Data provided —
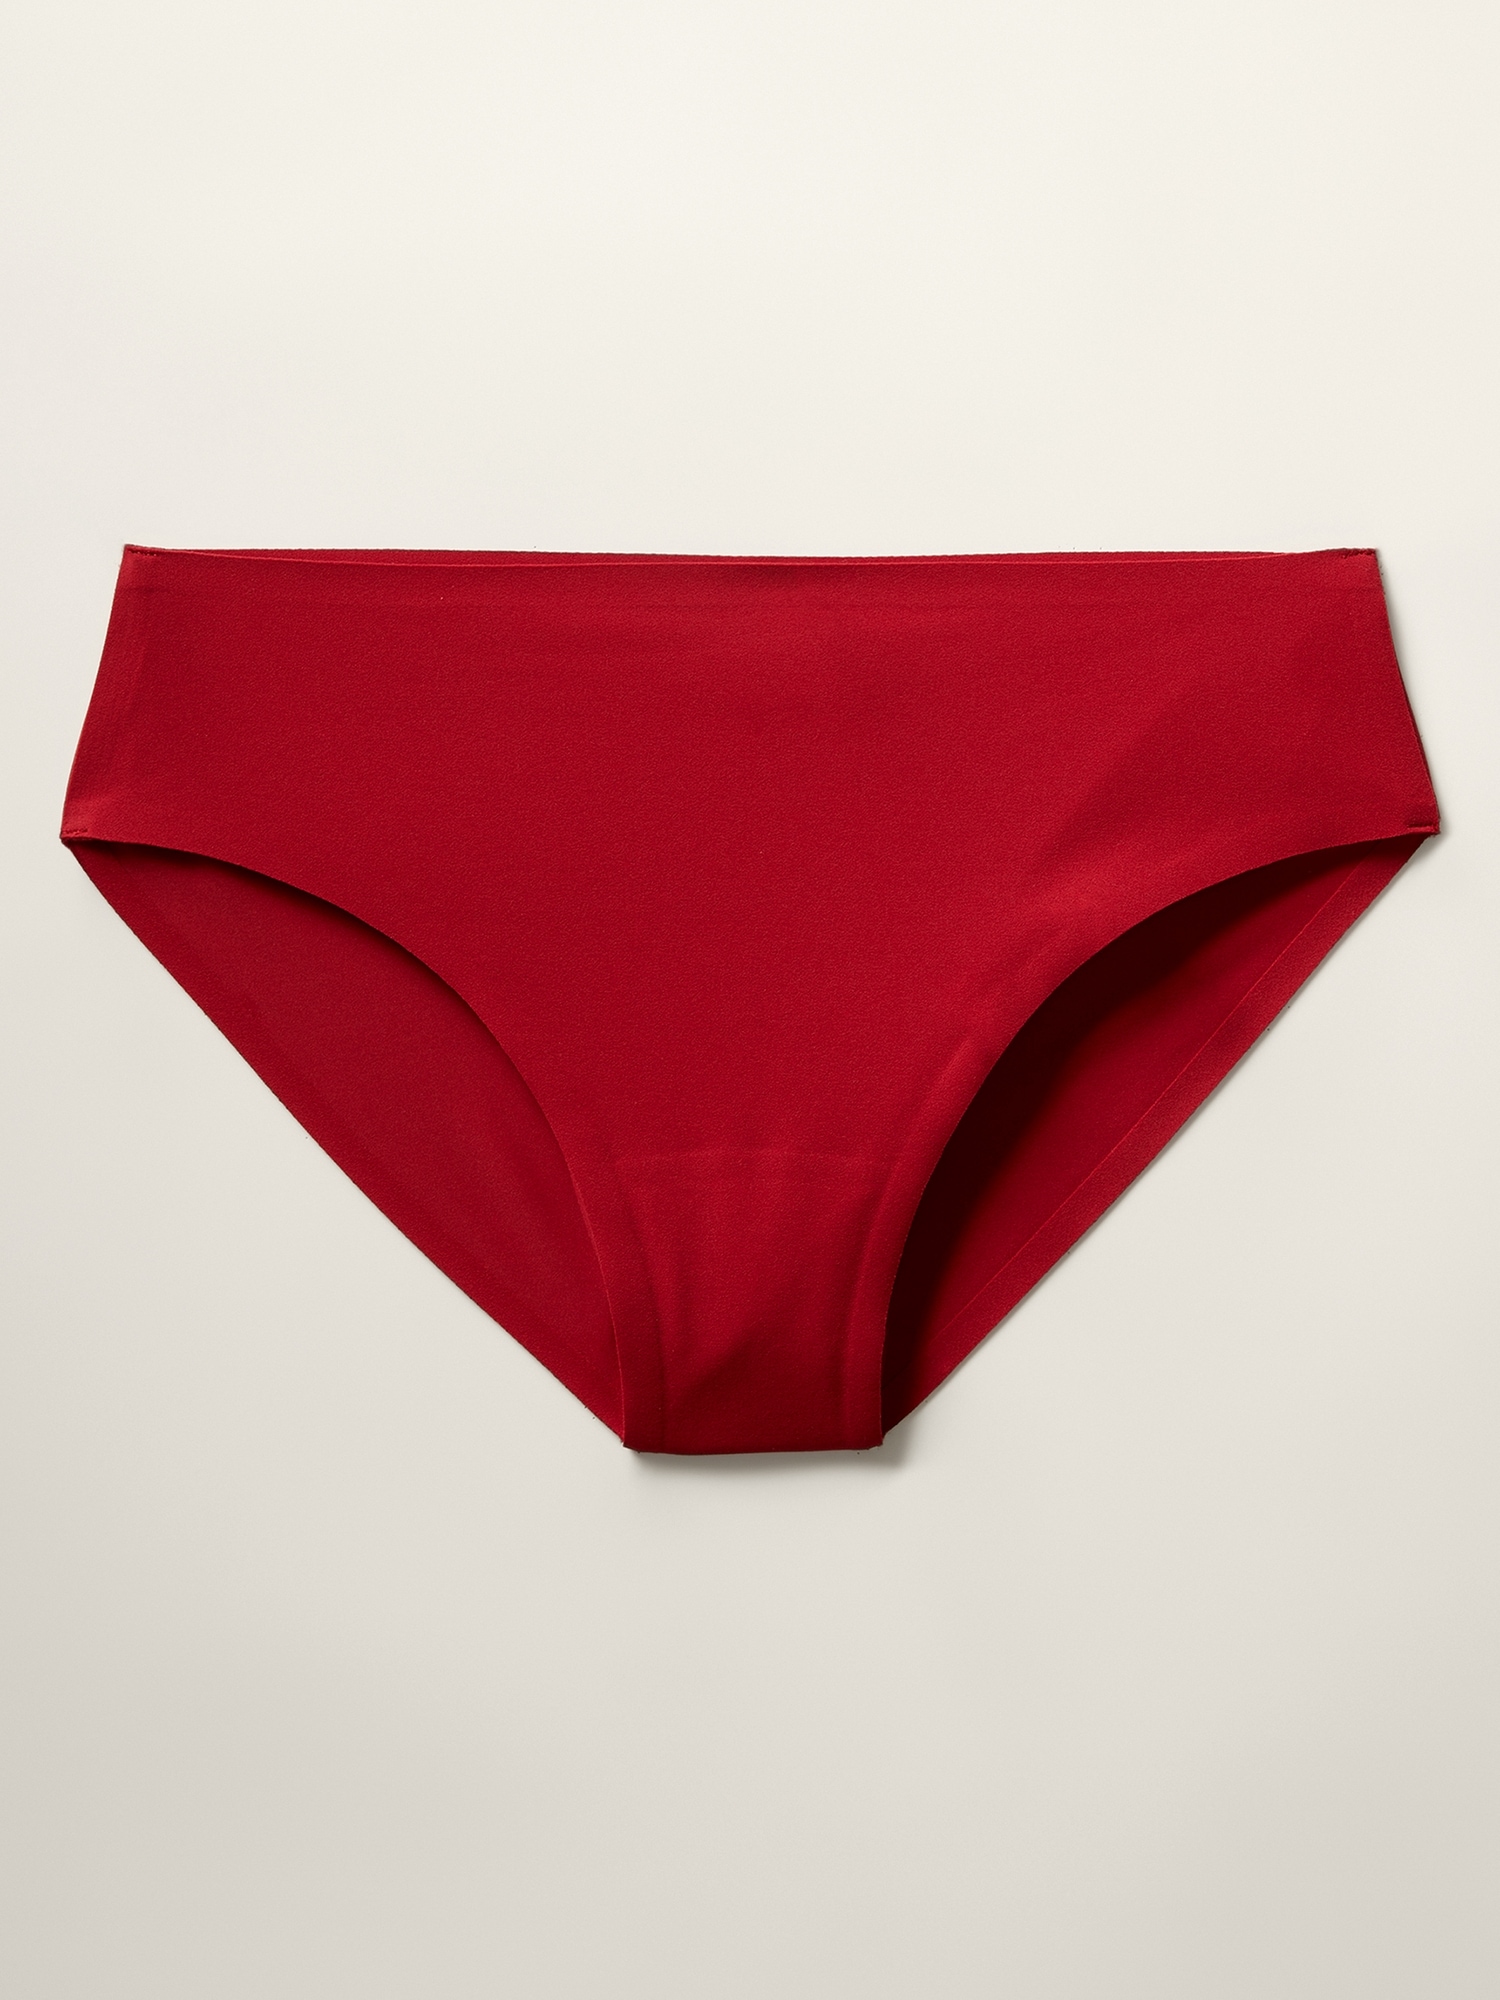 Ritual Bikini Underwear | Athleta
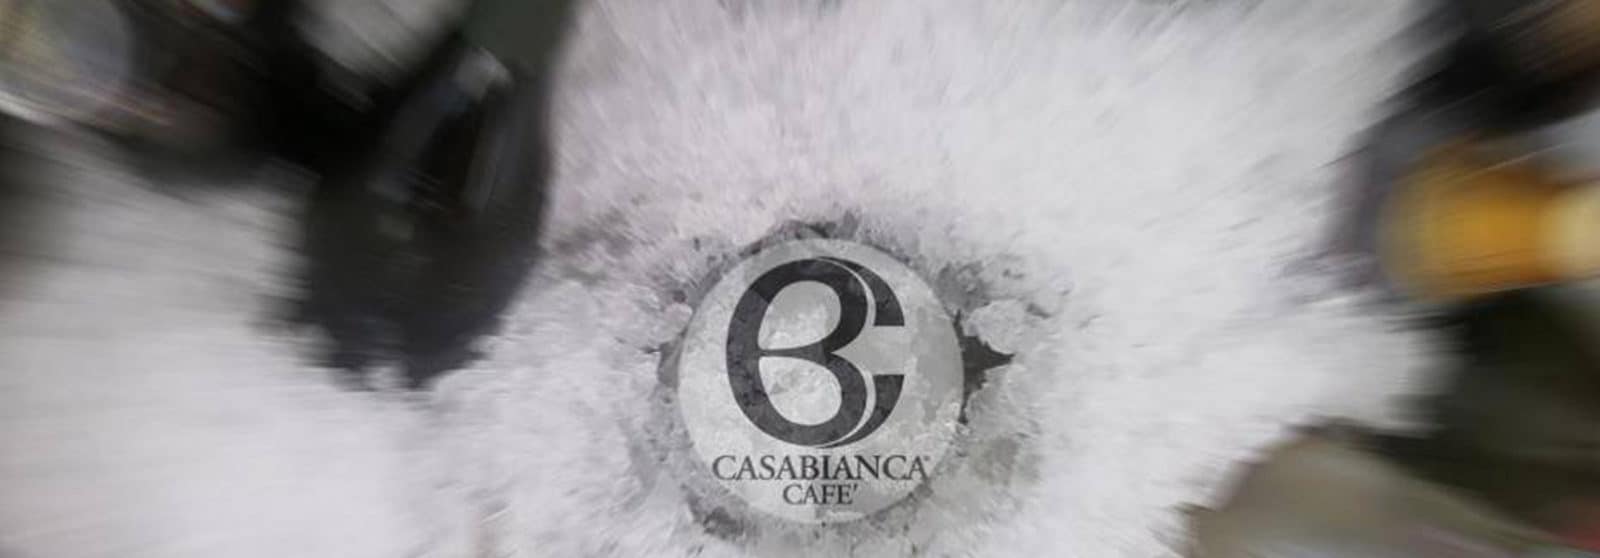 CASABIANCA Cafè
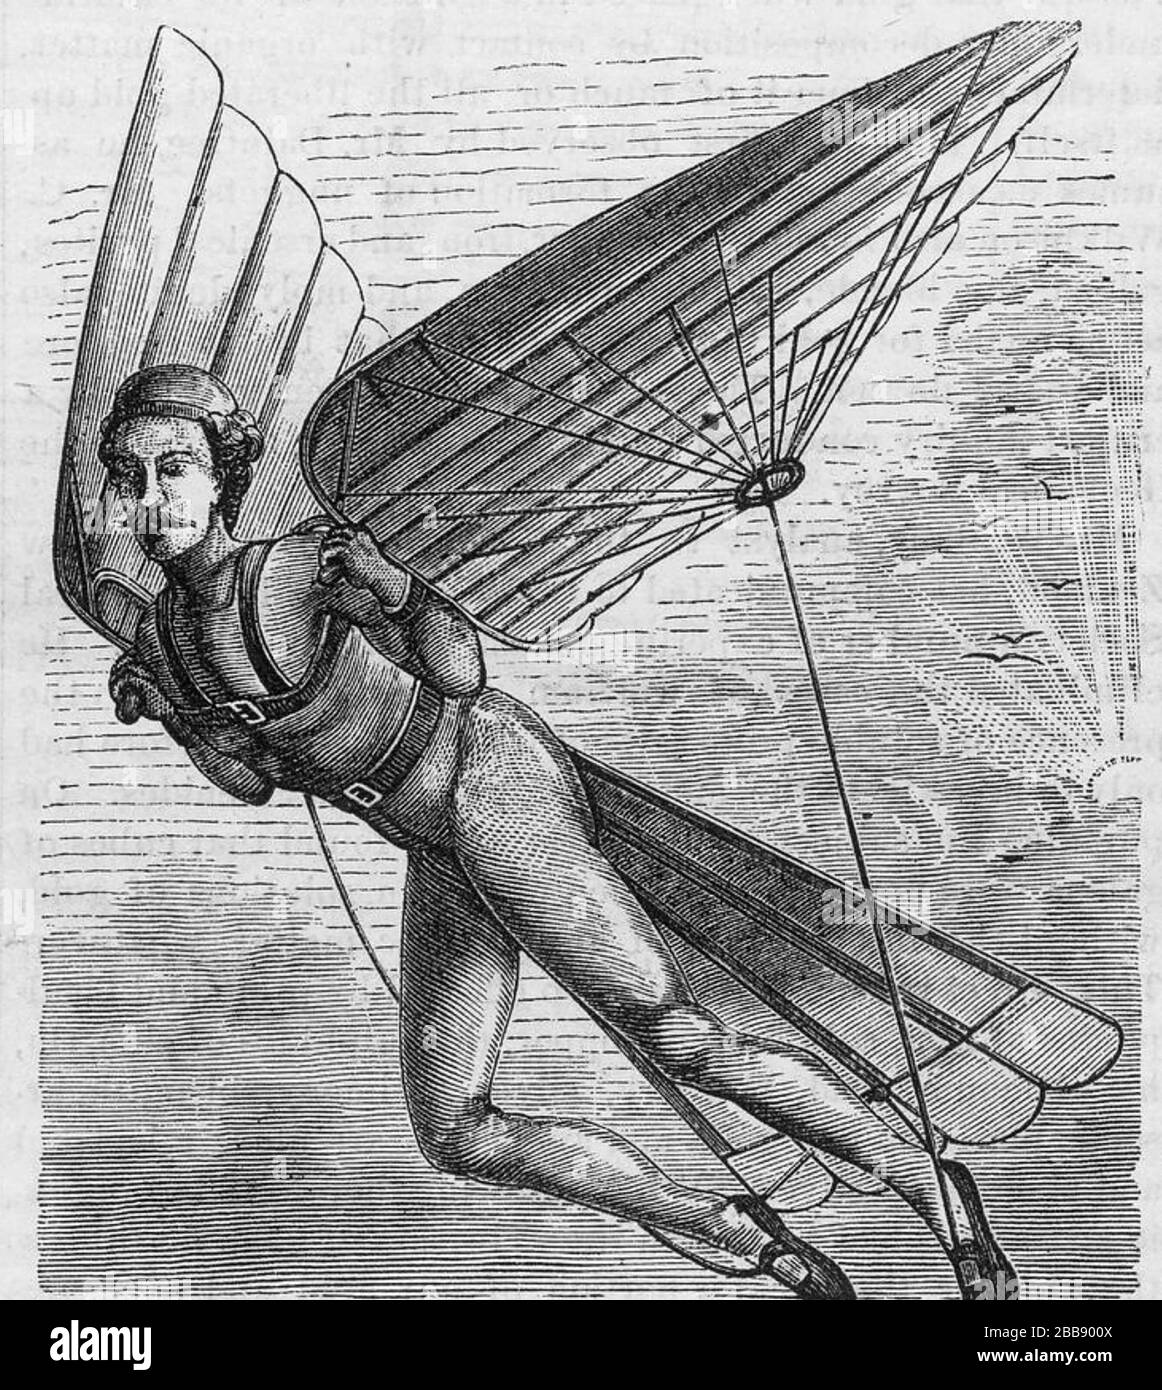 HOMME VOLANT envisagé par un M. Quimby de Wilmington, Delaware, en 1871. Rien n'est connu de M. Quimby, mais curieusement pionnier, l'aviateur américain Harriet Quimby (1875-1912) partage le même nom inhabituel. Banque D'Images

Work to complete — Copy out every line above, word for word, minus images.

Response below —
 Ritual Bikini Underwear | Athleta
 CASABIANCA Cafè
 HOMME VOLANT envisagé par un M. Quimby de Wilmington, Delaware, en 1871. Rien n'est connu de M. Quimby, mais curieusement pionnier, l'aviateur américain Harriet Quimby (1875-1912) partage le même nom inhabituel. Banque D'Images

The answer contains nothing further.